# Need Some Advice



## CoachFlournoy (Apr 26, 2008)

I am 28 former 2 sport high school all-American. In my prime I was 6'3 220lbs and very low body fat. I then got married and started coaching and blew up to 294. In January I quit soda, started exercising and counting points (weight watchers) I am now down to about 250lbs. I have now started lifting weights again and I really enjoy it. My body is beginning to look pretty good except for my stomach. I was given the following advice from GNC (put aside the place please). I am not worried about the money I just need advice on the products.

GNC Tonalin CLA- One Each Meal (3 total)
GNC Chitosan- 2 with Breakfast
GNC L-carnitine 500- 2 pills before workout
GNC Triple Strength Fish oil- 1 pill with lunch and one with dinner
GNC Amplified Creatine 189- 2 pills each day
GNC Ultra Chromium Picolinate 800- 1 ever 12 hours
ON 100% Instantized Whey Gold Standard powder (twice a day)
Wheybolic Extreme 60- After workout

I would like to be in the 220-230lb range with muscles.


----------



## Built (Apr 26, 2008)

CoachFlournoy said:


> I am 28 former 2 sport high school all-American. In my prime I was 6'3 220lbs and very low body fat. I then got married and started coaching and blew up to 294. In January I quit soda, started exercising and counting points (weight watchers) I am now down to about 250lbs. I have now started lifting weights again and I really enjoy it. My body is beginning to look pretty good except for my stomach. I was given the following advice from GNC (put aside the place please). I am not worried about the money I just need advice on the products.
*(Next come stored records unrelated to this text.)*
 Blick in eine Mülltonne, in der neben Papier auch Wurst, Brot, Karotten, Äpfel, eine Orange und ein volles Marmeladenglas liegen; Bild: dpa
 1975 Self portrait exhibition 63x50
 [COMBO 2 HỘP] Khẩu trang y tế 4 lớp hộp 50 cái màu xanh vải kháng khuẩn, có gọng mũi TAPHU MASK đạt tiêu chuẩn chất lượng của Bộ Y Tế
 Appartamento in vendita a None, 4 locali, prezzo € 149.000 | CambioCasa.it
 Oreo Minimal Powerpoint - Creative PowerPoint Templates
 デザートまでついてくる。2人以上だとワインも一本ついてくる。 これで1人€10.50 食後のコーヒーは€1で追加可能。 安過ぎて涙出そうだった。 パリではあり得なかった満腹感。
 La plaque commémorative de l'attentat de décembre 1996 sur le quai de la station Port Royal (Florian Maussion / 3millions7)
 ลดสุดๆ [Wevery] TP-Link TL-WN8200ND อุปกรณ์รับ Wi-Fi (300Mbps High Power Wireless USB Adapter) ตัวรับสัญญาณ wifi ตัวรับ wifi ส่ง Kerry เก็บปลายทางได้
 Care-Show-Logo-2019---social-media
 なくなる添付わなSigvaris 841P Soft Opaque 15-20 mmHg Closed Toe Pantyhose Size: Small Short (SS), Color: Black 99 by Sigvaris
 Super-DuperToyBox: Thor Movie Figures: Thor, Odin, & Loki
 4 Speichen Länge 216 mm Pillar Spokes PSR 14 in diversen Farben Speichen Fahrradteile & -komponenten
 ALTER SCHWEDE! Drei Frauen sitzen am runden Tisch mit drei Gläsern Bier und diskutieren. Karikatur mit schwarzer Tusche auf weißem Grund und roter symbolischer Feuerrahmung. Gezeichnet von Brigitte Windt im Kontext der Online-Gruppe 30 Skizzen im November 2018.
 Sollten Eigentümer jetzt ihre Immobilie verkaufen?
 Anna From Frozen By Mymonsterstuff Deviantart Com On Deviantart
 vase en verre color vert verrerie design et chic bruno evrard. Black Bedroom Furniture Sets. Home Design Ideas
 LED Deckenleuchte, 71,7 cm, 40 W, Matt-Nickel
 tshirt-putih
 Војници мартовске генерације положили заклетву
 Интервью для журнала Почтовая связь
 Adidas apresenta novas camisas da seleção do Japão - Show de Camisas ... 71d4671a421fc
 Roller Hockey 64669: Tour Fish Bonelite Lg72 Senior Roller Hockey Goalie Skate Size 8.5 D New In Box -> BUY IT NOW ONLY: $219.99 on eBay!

Hey - props on the weight loss!
Some more information you may find more helpful than WW (because you're an athlete) is on my blog if you're interested. Start reading at the top.

Now, the supps.


GNC Tonalin CLA- One Each Meal (3 total)** waste of money. Good for you, but not the bang for buck you'd hope for. Not even close. 
GNC Chitosan- 2 with Breakfast** completely useless. 
GNC L-carnitine 500- 2 pills before workout** completely useless
GNC Triple Strength Fish oil- 1 pill with lunch and one with dinner** very good supp. I take more than this though - 10g fish oil will give you 3g combined EPA/DHA, which is safe without a doctor's supervision according to the extremely conservative AHA - so that's what I take. Trickle them in with meals. 
GNC Amplified Creatine 189- 2 pills each day** nope. Just get creatine monohydrate powder, unflavoured. Cheap, safe, effective.
GNC Ultra Chromium Picolinate 800- 1 ever 12 hours** useless. l
ON 100% Instantized Whey Gold Standard powder (twice a day)** tge chocolate is tasty, and is an easy source of extra protein and calories if you need help getting in more food than you are currently eating. If not, don't bother. Personally, while cutting I prefer to chew what little food I get to consume. 
Wheybolic Extreme 60- After workout**There is NO point whatsoever in having more than one protein powder. Just get the ON and some dextrose at your local u-brew or winemaking supply store. A huge tub of it is about five bucks and you can do a scoop of powder (usually around 20-25g protein) with a scoop of dextrose (which weighs about double, or about 40-50g) for your post-workout shakes. Toss your cheap, unflavoured creatine monohydrate into that. One teaspoon. On non-workout days, just knock back a teaspoon of creatine in the AM with whatever other supps you take in the AM. I just put it in my mouth dry, and knock back the water. No need to load with creatine by the way.


----------



## CoachFlournoy (Apr 26, 2008)

Thanks for the info. I left one off

GNC Cut 25 twice a day.

Which article on your blog?


----------



## Built (Apr 26, 2008)

Start at the top and work your way down. First one is a very overview. Second one is more detailed on diet, then there's a basic lifting split... 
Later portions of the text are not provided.